Dana Barret: (Sigourney Weaver)

* “DANA:” You know, you don’t act like a scientist.
“VENKMAN:” They’re kind of stiff.
“DANA:” You’re more like a game show host.

Louis Tulley: (Rick Moranis)

* “JANINE MELNITZ:” Do you want some coffee, Mr. Tulley?
“LOUIS:” (as Vince Klortho to Egon) Do I?
“SPENGLER:” Yes, have some.
“LOUIS:” (to Janine) Yes, have some.

* “SPENGLER:” Vince, you said before you were waiting for a sign. What sign are you waiting for?
“VINCE KLORTHO:” Gozer the Traveler. He will come in one of the pre-chosen forms. During the rectification of the Vuldrini, the traveler came as a large and moving Torg! Then, during the third reconciliation of the last of the McKetrick supplicants, they chose a new form for him: that of a giant Slor!
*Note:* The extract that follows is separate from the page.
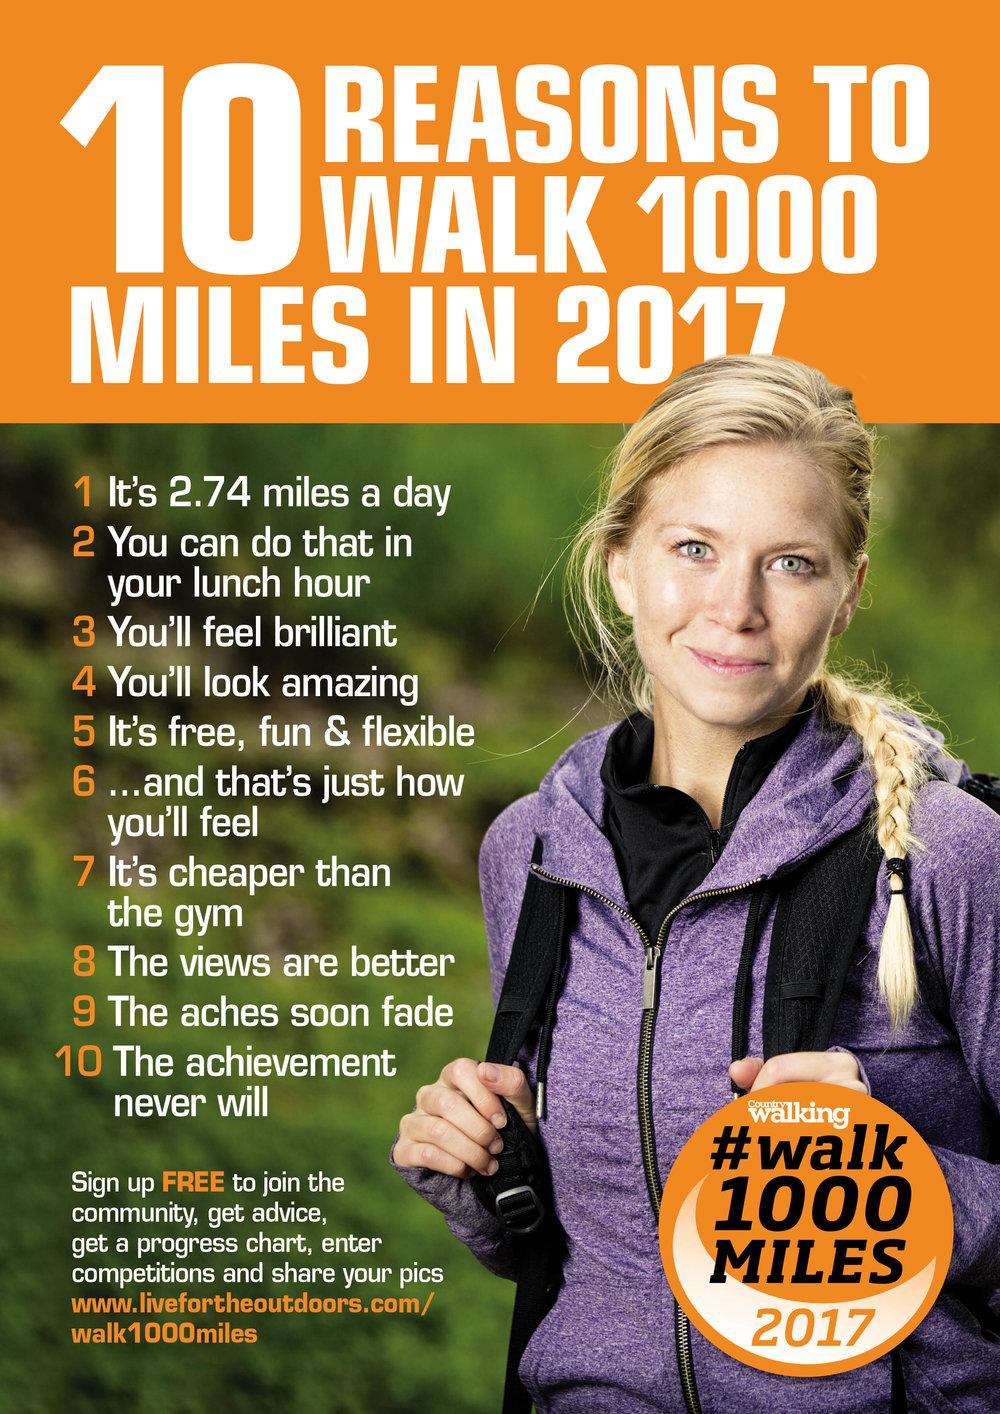 #walk1000miles 2017 poster6.jpg

Many Shuvs and Zools knew what it was to be roasted in the depths of the Slor that day, I can tell you!

Winston Zeddmore:

* “JANINE MELNITZ:” Do you believe in UFOs, astral projections, mental telepathy, ESP, clairvoyance, spirit photography, telekinetic movement, full trance mediums, the Loch Ness monster and the theory of Atlantis?
“WINSTON ZEDDMORE:” Ah, if there’s a steady paycheck in it, I’ll believe ANYTHING you say.

* “WINSTON ZEDDMORE:” Ray, when someone asks you if you’re a god, you say YES!!